NOTES TO CONSOLIDATED FINANCIAL STATEMENTS
(Unaudited)
1. Summary of Significant Accounting Policies
General. The consolidated financial statements of EOG Resources, Inc., together with its subsidiaries (EOG), included herein have been prepared by management without audit pursuant to the rules and regulations of the Securities and Exchange Commission (SEC). Accordingly, they reflect all normal recurring adjustments which are, in the opinion of management, necessary for a fair presentation of the financial results for the interim periods. Certain information and notes normally included in financial statements prepared in accordance with accounting principles generally accepted in the United States (U.S. GAAP) have been condensed or omitted pursuant to such rules and regulations. However, management believes that the disclosures are adequate to make the information presented not misleading. These consolidated financial statements should be read in conjunction with the consolidated financial statements and the notes thereto included in EOG's Annual Report on Form 10-K for the year ended December 31, 2006 (EOG's 2006 Annual Report).
The preparation of financial statements in conformity with U.S. GAAP requires management to make estimates and assumptions that affect the reported amounts of assets and liabilities and disclosure of contingent assets and liabilities at the date of the financial statements and the reported amounts of revenues and expenses during the reporting period. Actual results could differ from those estimates. The operating results for the three and nine months ended September 30, 2007 are not necessarily indicative of the results to be expected for the full year.
Certain reclassifications have been made to prior period financial statements to conform with the current presentation.
Derivative Instruments. As more fully discussed in Note 11 to Consolidated Financial Statements included in EOG's 2006 Annual Report, EOG engages in price risk management activities from time to time. These activities are intended to manage EOG's exposure to fluctuations in commodity prices for natural gas and crude oil. EOG utilizes financial commodity derivative instruments, primarily collar and price swap contracts, as a means to manage this price risk.
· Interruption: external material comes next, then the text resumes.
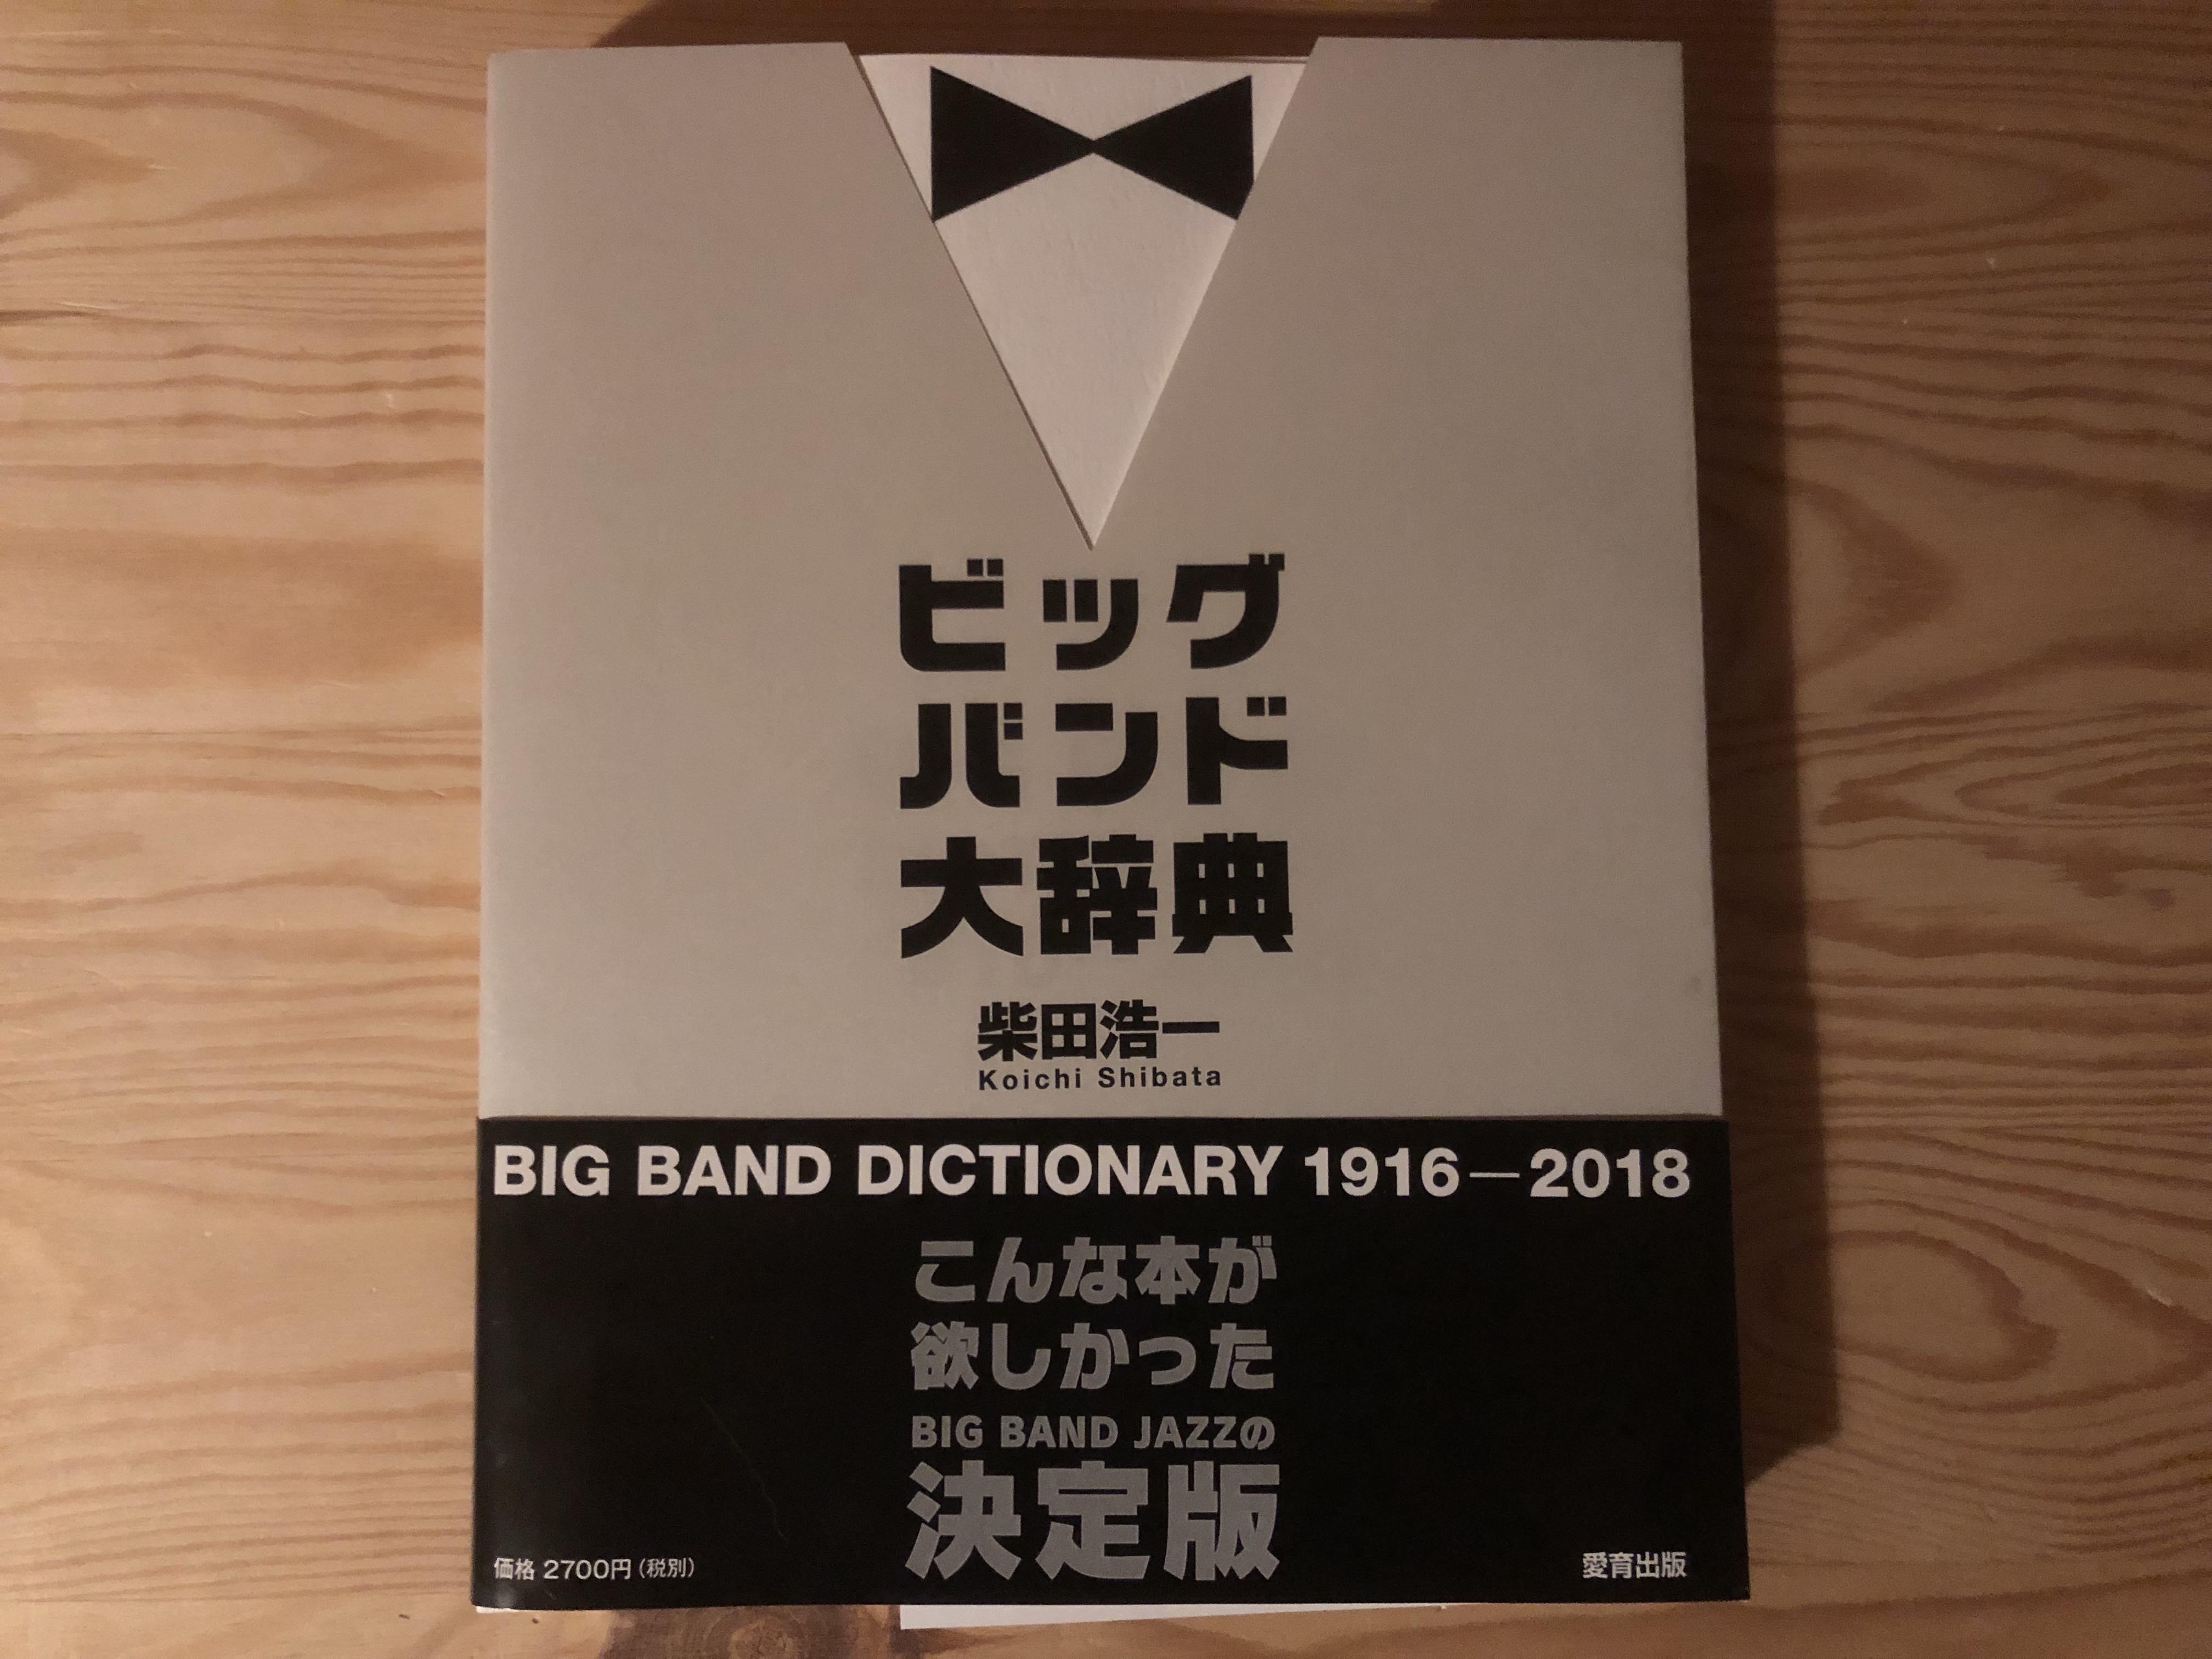 이 1 권으로 「요코하마 재즈 프롬나드 '이 10 배 즐거워진다!

EOG accounts for financial commodity derivative contracts using the mark-to-market accounting method. In addition to financial transactions, EOG is a party to various physical commodity contracts for the sale of hydrocarbons that cover varying periods of time and have varying pricing provisions. The financial impact of physical commodity contracts is included in revenues at the time of settlement, which in turn affects average realized hydrocarbon prices.
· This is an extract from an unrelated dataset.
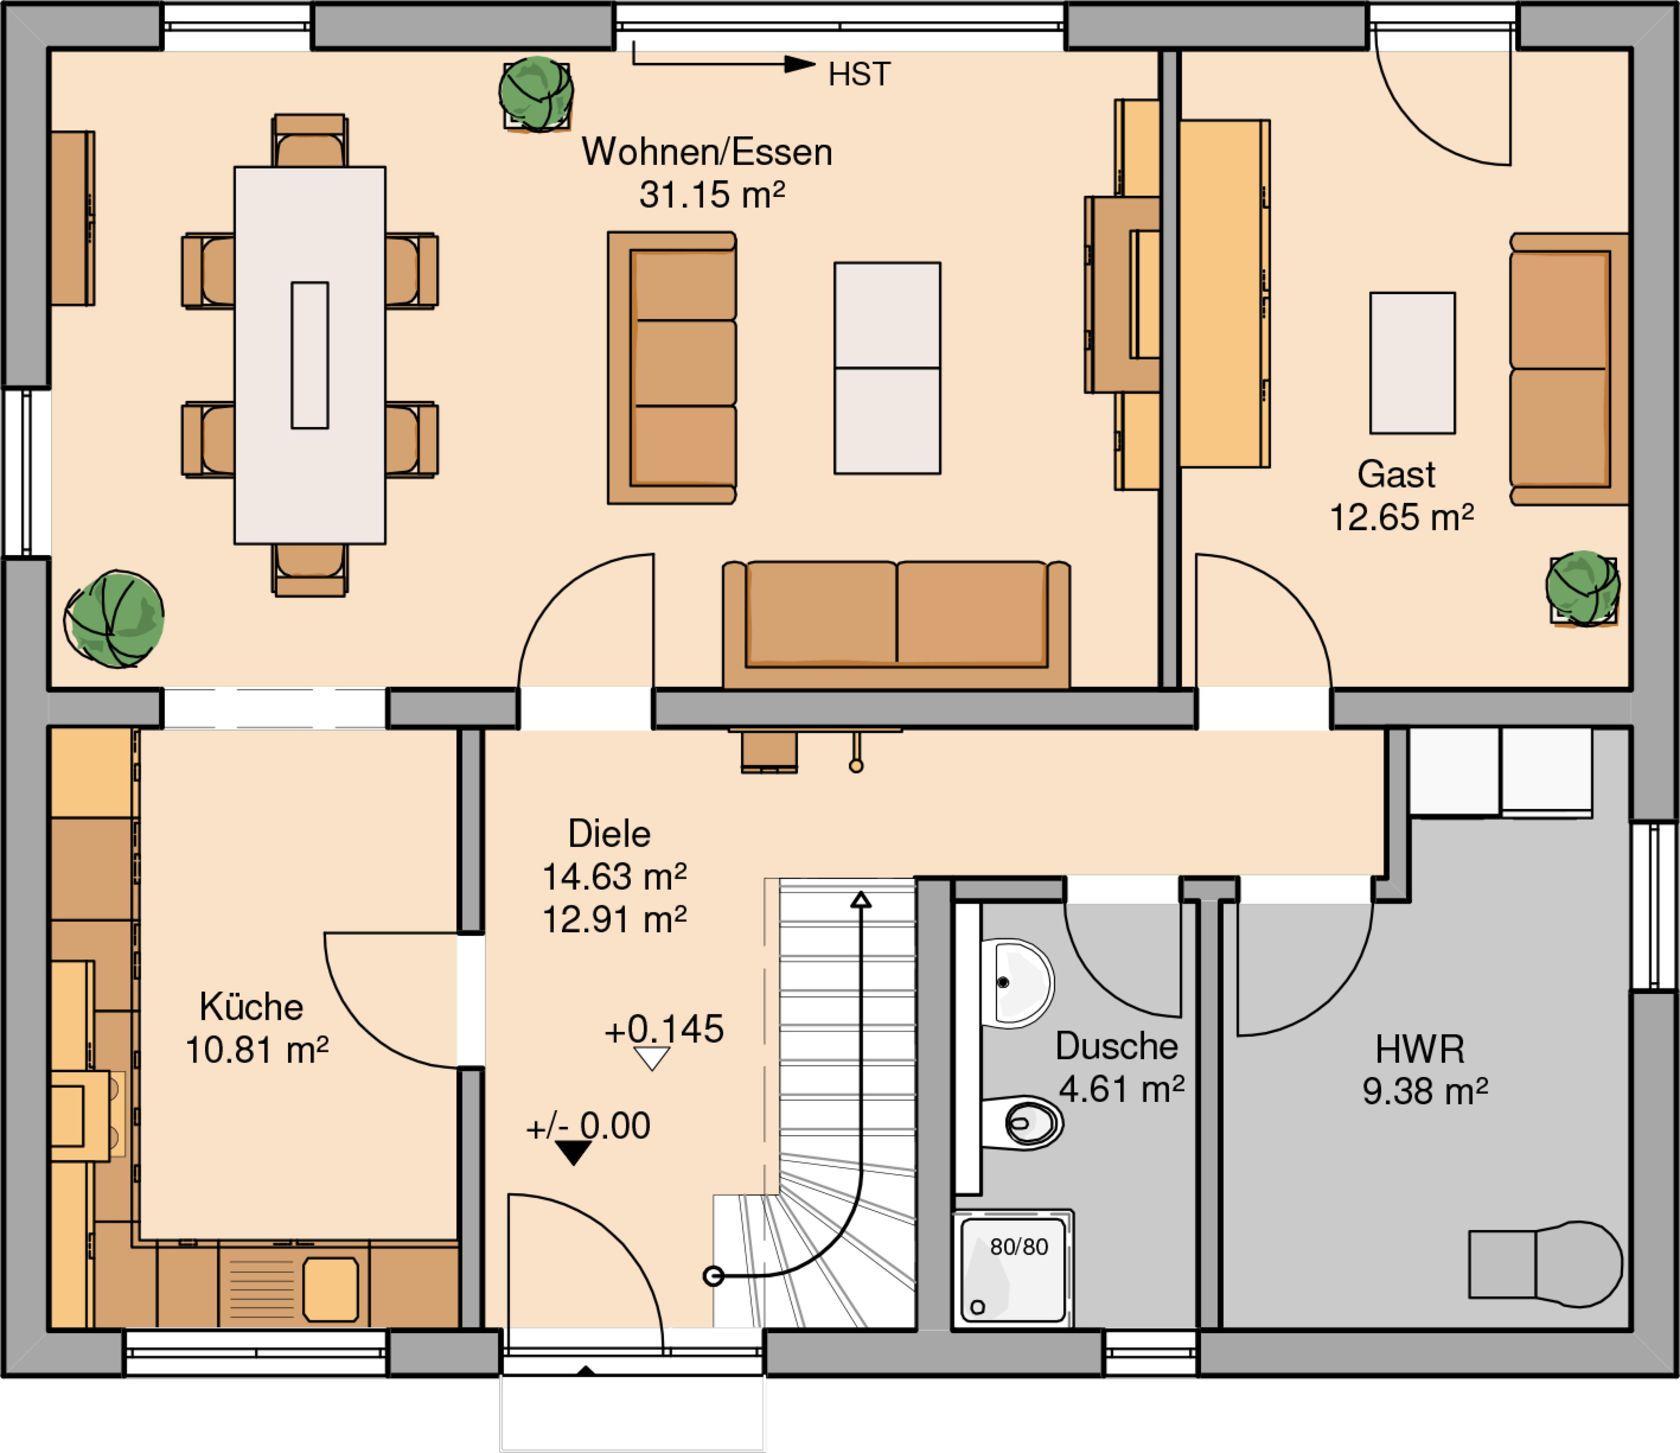 grundriss erdgeschoss GoogleSuche Haus grundriss

Recently Issued Accounting Standards and Developments. During February 2007, the Financial Accounting Standards Board (FASB) issued Statement of Financial Accounting Standards (SFAS) No. 159, "The Fair Value Option for Financial Assets and Financial Liabilities - including an amendment of FASB Statement No. 115." The new standard permits an entity to make an irrevocable election at specific election dates to measure most financial assets and financial liabilities at fair value. The fair value option may be elected on an instrument-by-instrument basis, with a few exceptions, as long as it is applied to the instrument in its entirety. Changes in fair value would be recorded in income. SFAS No. 159 established presentation and disclosure requirements intended to help financial statement users understand the effect of the entity's election on earnings. SFAS No. 159 is effective as of the beginning of the first fiscal year beginning after November 15, 2007. Early adoption is permitted. Currently, EOG has elected not to adopt the fair value option provision allowed under SFAS No. 159.
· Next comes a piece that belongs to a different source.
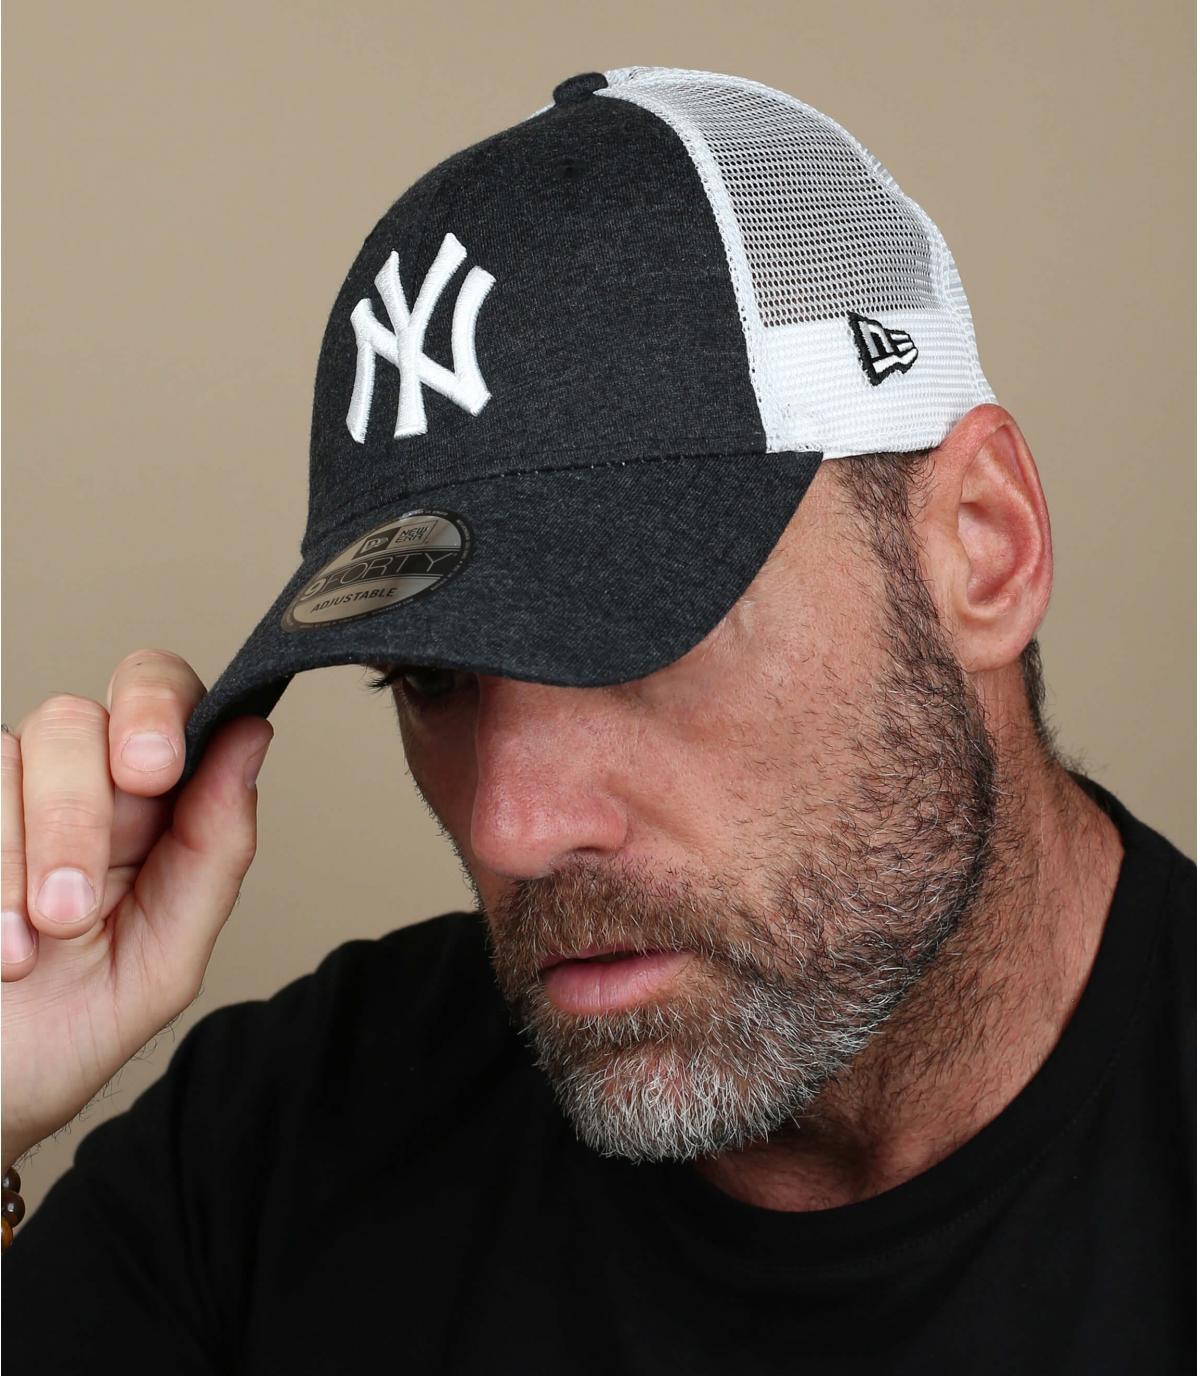 black NY trucker

In September 2006, FASB issued SFAS No. 158, "Employers' Accounting for Defined Benefit Pension and Other Post Retirement Plans - an amendment of FASB Statements No. 87, 88, 106, and 132(R)." SFAS No. 158 requires an employer to recognize the overfunded or underfunded status of a defined benefit postretirement plan as an asset or liability in its balance sheet. The funded status is defined as the difference between the fair value of plan assets and the projected benefit obligation (for pension plans) or the accumulated postretirement benefit obligation (for other postretirement benefit plans). SFAS No. 158 also requires that actuarial gains and losses and changes in prior service costs not included in net periodic pension costs be included, net of tax, as a component of other comprehensive income. The statement does not affect the determination of net periodic
-6-
benefit costs included in the income statement. SFAS No. 158 also requires that an employer measure defined benefit plan assets and benefit obligations as of the date of the employer's fiscal year-end statement of financial position. As of the year ended December 31, 2006, EOG adopted the recognition and disclosure requirements of SFAS No. 158. The impact of the adoption was immaterial. The requirement to measure plan assets and benefit obligations as of the date of the employer's fiscal year-end is effective for fiscal years ending after December 15, 2008, and will not have an impact on EOG's financial statements since plan assets and benefit obligations are currently measured as of the date of EOG's fiscal year-end.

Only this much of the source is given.